A revolução ética.
O povo tem que acordar.
Eu não morava no Brasil na época do Fernando Collor. Acompanhei os fatos da época nas revistas que eu conseguia ler nos consulados do Brasil. Acompanhei com surpresa, de que os brasileiros resolveram sair do ostracismo e demandar um pouco de ética nas políticas publicas. Os brasileiros foram às ruas e pintaram as caras e forçaram o congresso a fazer as coisas como era a vontade popular.
É bem verdade de que naquela época existia uma militância de esquerda, comandada pelo PT que era o partido mais popular. Esta militância está hoje com a alma partida, também depois de todos os esforços do passado, a mesma militância viu o seu partido, o PT cometer as mesmas vigarices ou muito pior do que as cometidas pelo governo Collor.
Não estou querendo dizer que os erros do presente possam ser comparados com os erros do passado como justificativa ou vice versa, os erros do passado possam justificar os erros do presente, mas se naquela época as malandragens do Collor indignaram a população, estas pilantragens do governo Lula, estas mentiradas empurradas goela abaixo da população, deveriam ser suficientes para um grito de
“BASTA CAMBADA DE LADRÕES”.
Os cinqüenta e oito milhões de votos não deram o Lula o direito de fazer o que quiser. Existe, além da constituição e as leis do código civil e criminal, uma ética moral com o povo que o elegeu como, por exemplo, cumprir as promessas de campanha. Uma delas, e que gerou milhares de votos foi a de diminuir a carga tributária.
Ele além de não fazer nem a tentativa de diminuir, aumentou descaradamente os impostos .
Os mais fanáticos dos eleitores do Lula continuam a querer justificar estas pilantragens, estas mentiras, estes gastos abusivos esta falta de iniciativa, este abandono da infra-estrutura, este descaso com a saúde pública e com a educação básica, usando o fato de ele ter sido eleito democraticamente e estar com uma aprovação acima de 60% da população.
Sadan Hussein foi eleito democraticamente e tinha uma aprovação de 99,5%.
Para não ser totalmente radical, temos no Brasil o Getúlio Vargas. Foi eleito democraticamente e tinha antes de se tornar ditador uma aprovação de mais de 70% da população votante.

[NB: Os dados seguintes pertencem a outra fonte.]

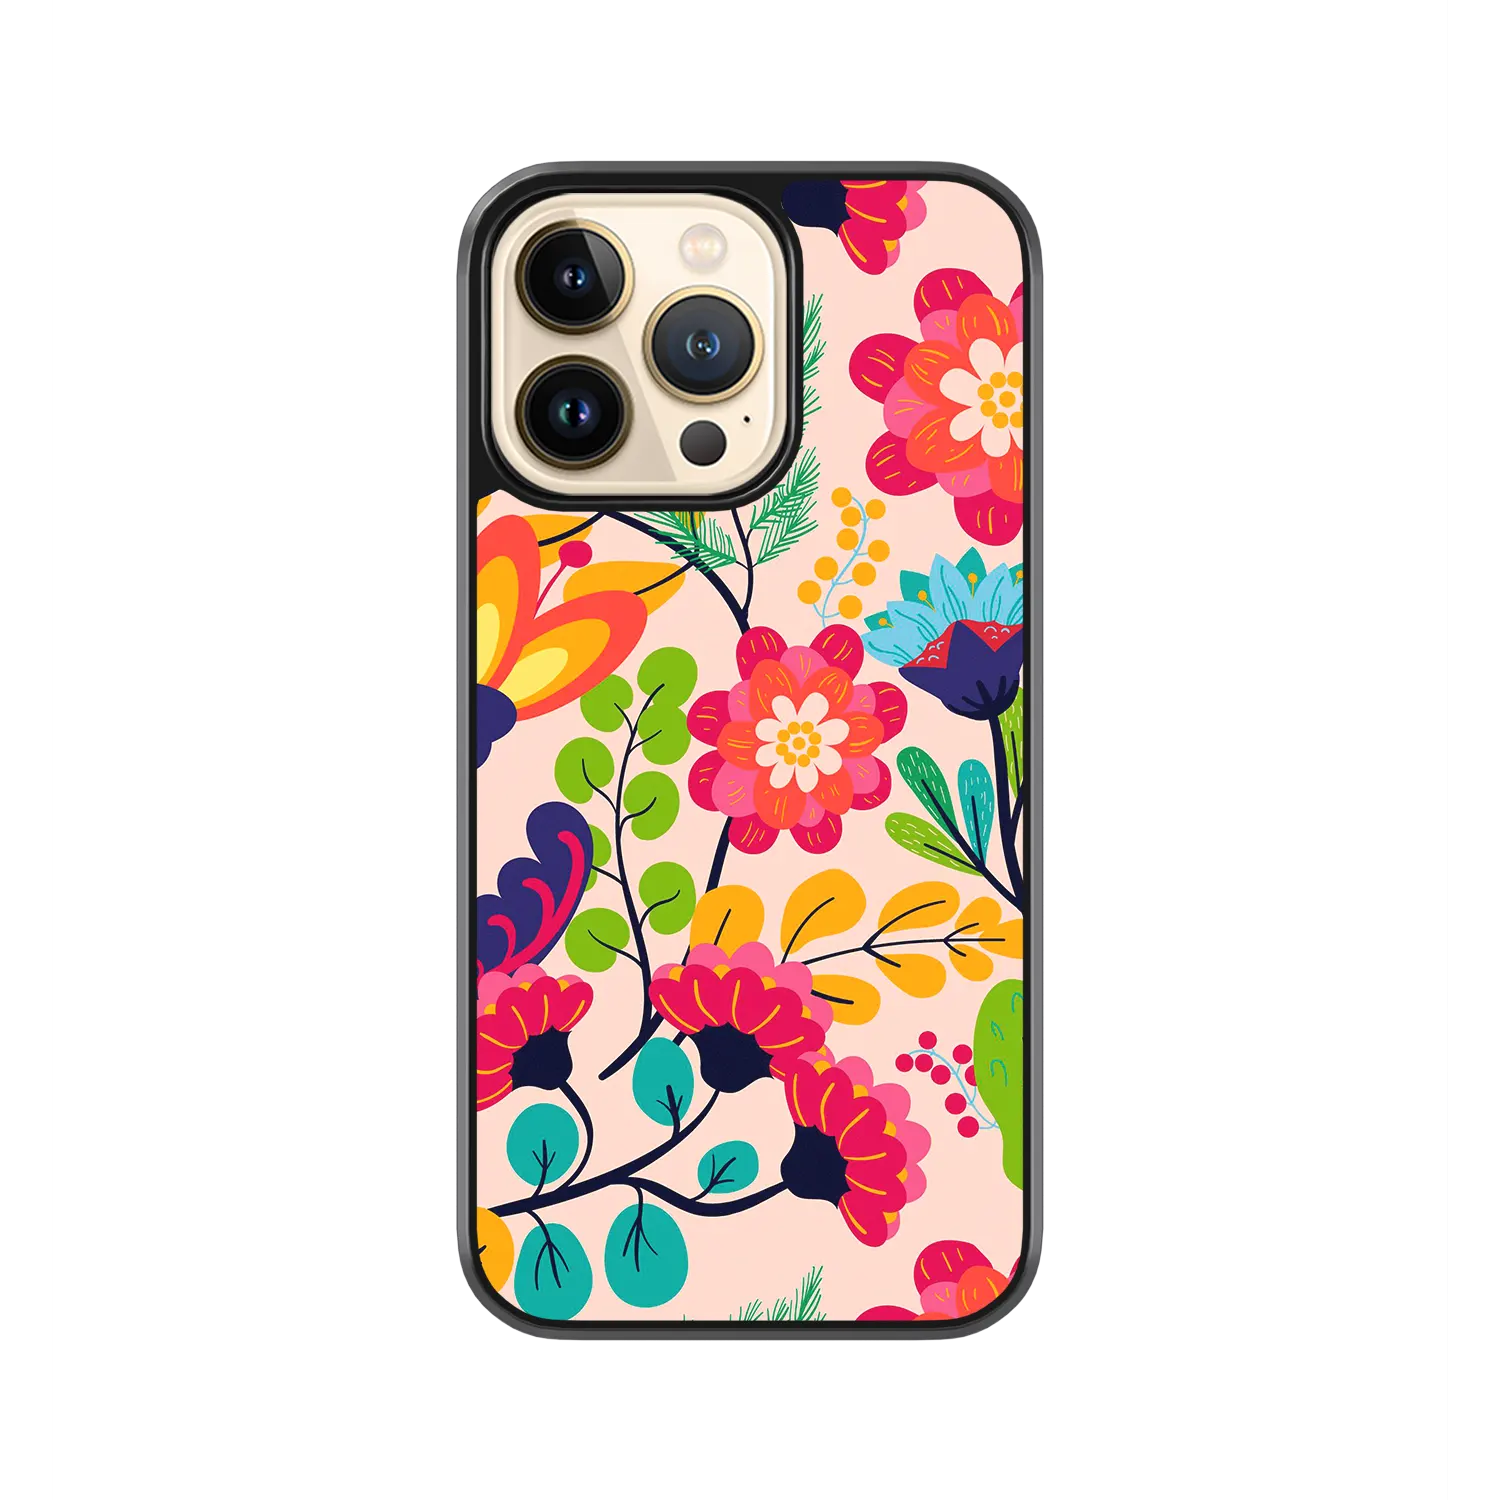 Exotic-Bloom-iPhone-11-Pro-Max-Case.webp

Eu não consigo encontrar dentro do meu circulo de relações nem uma só pessoa que tenha respondido ao questionário de uma destas pesquisas de opinião. E não adianta dizer que estas pesquisas são éticas, porque não o são. Por dinheiro eles fazem as pesquisas onde o cliente quiser. Eu me recordo da eleição do segundo mandato do FHC, quando as pesquisas indicavam uma eleição sem segundo turno com a vitória de FHC e quando o Lula em um de seus discursos inflamados chamou a pesquisa de “Pesquisa Chapa Branca” e de “Pesquisa Fajuta”.
O Lula poderia até ter razão na época, mas agora, com o teto de vidro a coisa muda, a pesquisa é uma coisa séria.
Os inconformados eleitores do Lula ficam com vergonha das abobrinhas que o imbecil irradia todos os dias e promove a mídia a chamá-lo de ignorante e apedeuta, e os chargistas com insinuações de burro e imbecil, e dizem para se consolarem de que o imbecil ganhou democraticamente (com o voto obrigatório) do PHD Geraldo.
Mas não foi uma competição de sabedoria nem de preparo, foi uma competição de popularidade.
Eu, constantemente comparo o espetáculo da política brasileira com o BBB da Rede Globo.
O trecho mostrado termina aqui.